The numbers \(x\) and \(y\) satisfy the following inequalities \[\begin{align*} 2x+3y &\le 23, \\ x+2 &\le 3y, \\ 3y+1 &\le 4x. \end{align*}\]

The largest possible value of \(x\) is

  1. \(6\),

  2. \(7\),

  3. \(8\),

  4. \(9\).

A graphical approach

First, we sketch the three lines \[\begin{align*} 2x+3y &= 23, \\ x+2 &= 3y\quad\text{and}\\ 3y+1 &=4x, \end{align*}\]

by rearranging them in the form \(y=mx+c\) first.

Then thinking about which side of each of the lines is satisfied by the inequalities, we see that the central triangular region is the one satisfied by all three inequalities.

Graph of the three lines, with the triangular region which they enclose central

We can see from the graph that the largest possible value of \(x\) is where the lines \(2x+3y=23\) and \(x+2=3y\) intersect, which is at the point \((7,3)\).

So the answer is (b).

An algebraic approach

We want to find the largest possible value of \(x\), so we aim to eliminate \(y\).

  • First attempt:

    The third inequality rearranges to give \(3y\le 4x-1\).

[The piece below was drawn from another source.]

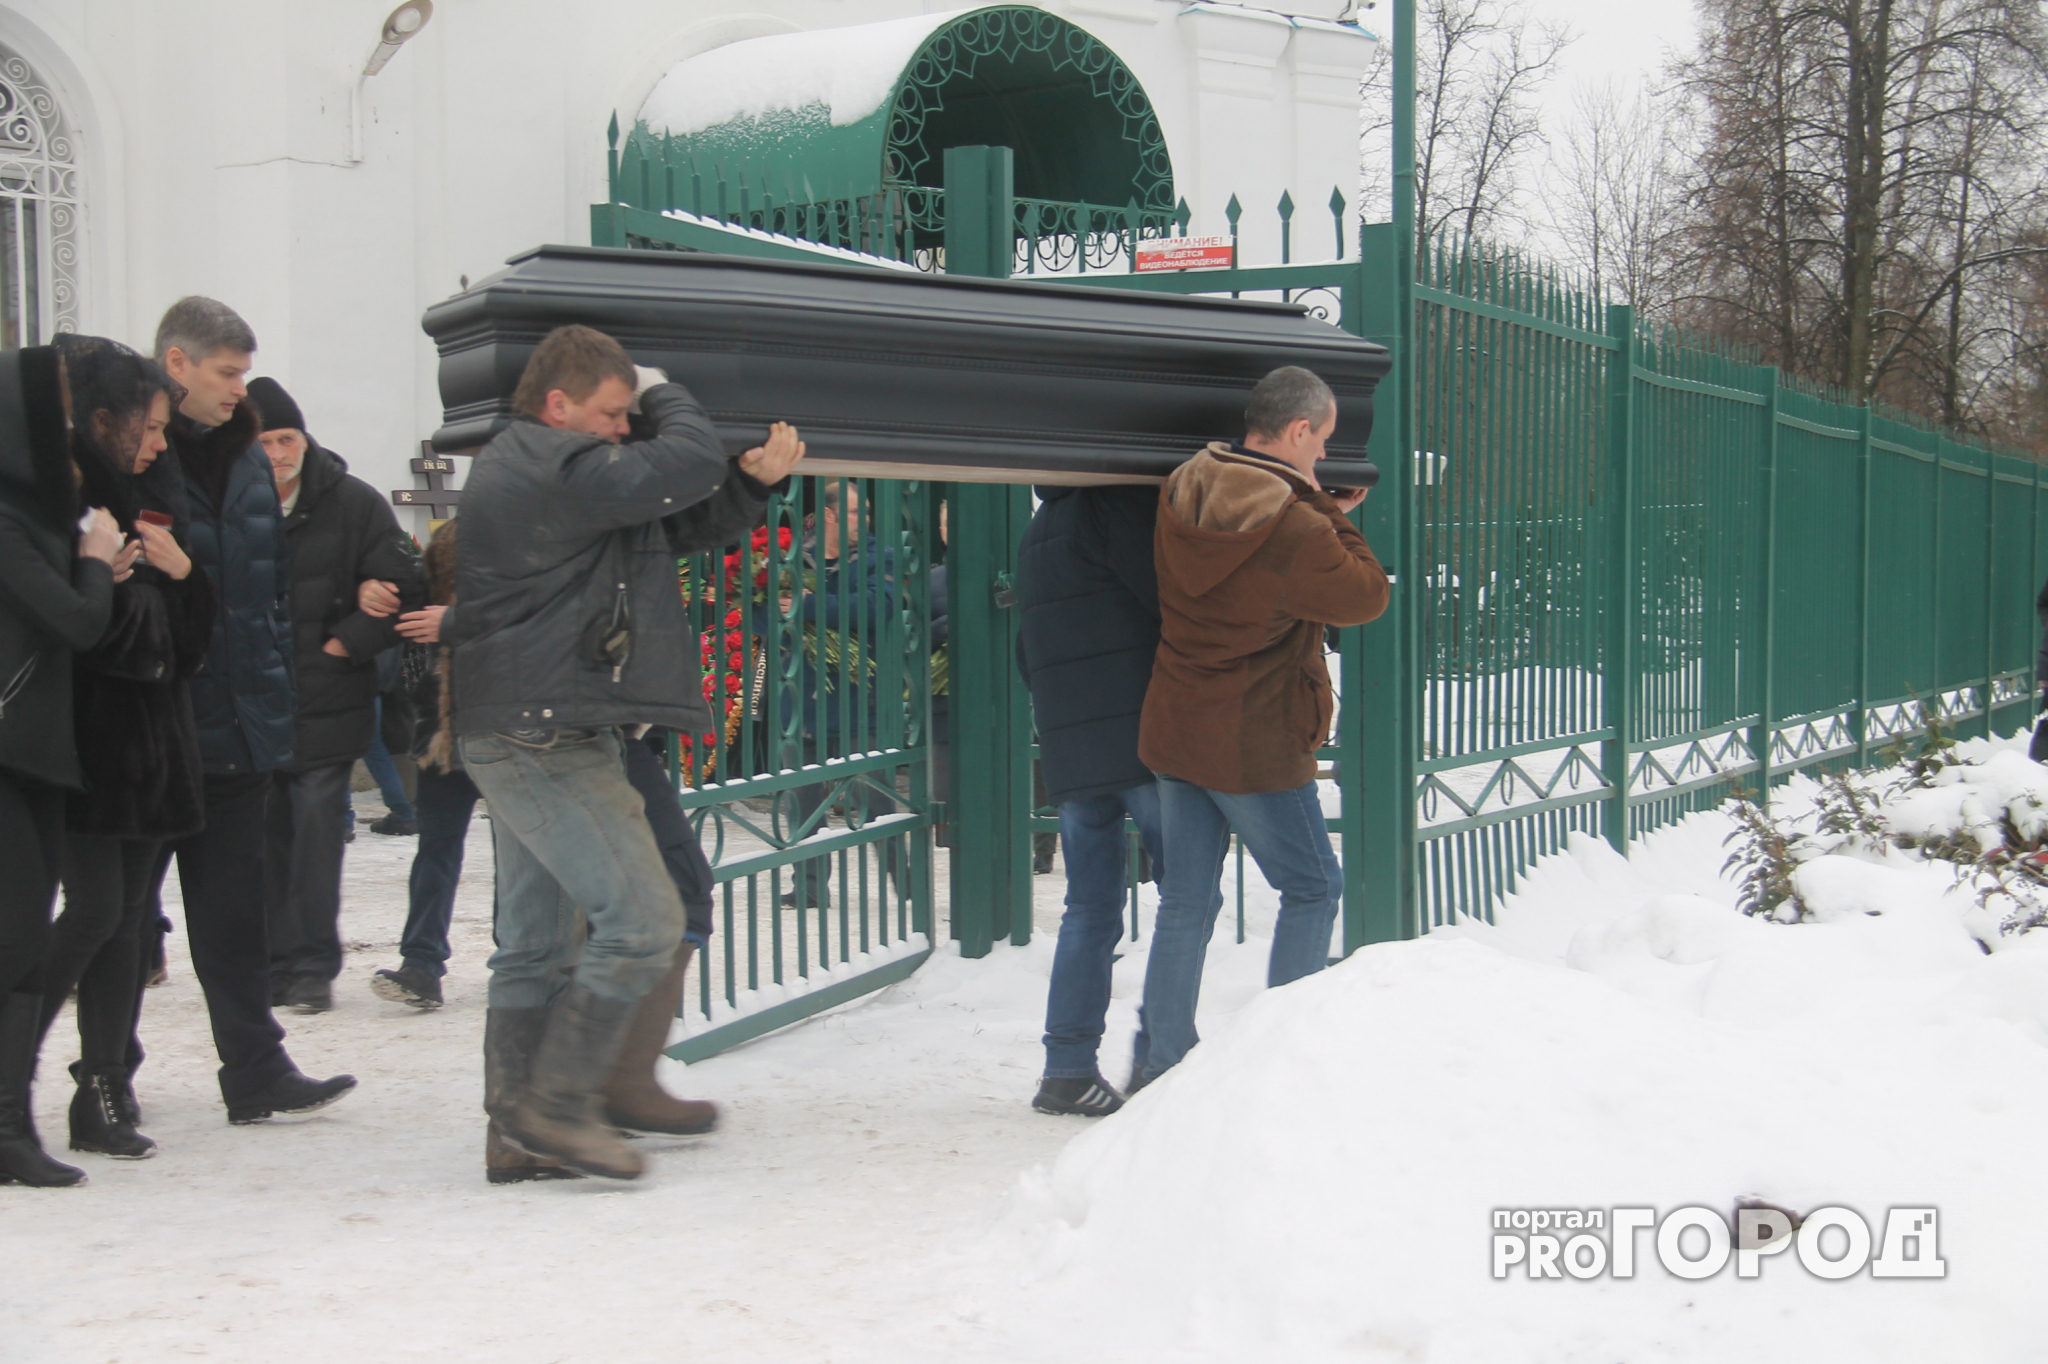 За информацию об убитом ярославце родственники заплатят миллион рублей

    We cannot substitute this into the first inequality, as the directions of the inequalities are not compatible.

    If we substitute it into the second inequality, though, we obtain \(x+2\le 4x-1\), so \(3x\ge3\), or \(x\ge1\), which is not so helpful.

  • Second attempt:

    The first inequality rearranges to give \(3y\le 23-2x\). Combining this with the second inequality gives \[x+2\le 3y\le 23-2x\] so \(3x\le 21\) or \(x\le7\).

    If \(x=7\), the second inequality gives \(9\le 3y\), so we could try \(y=3\). This pair of values satisfies all three inequalities, so the greatest possible value of \(x\) is \(7\), and the answer is (b).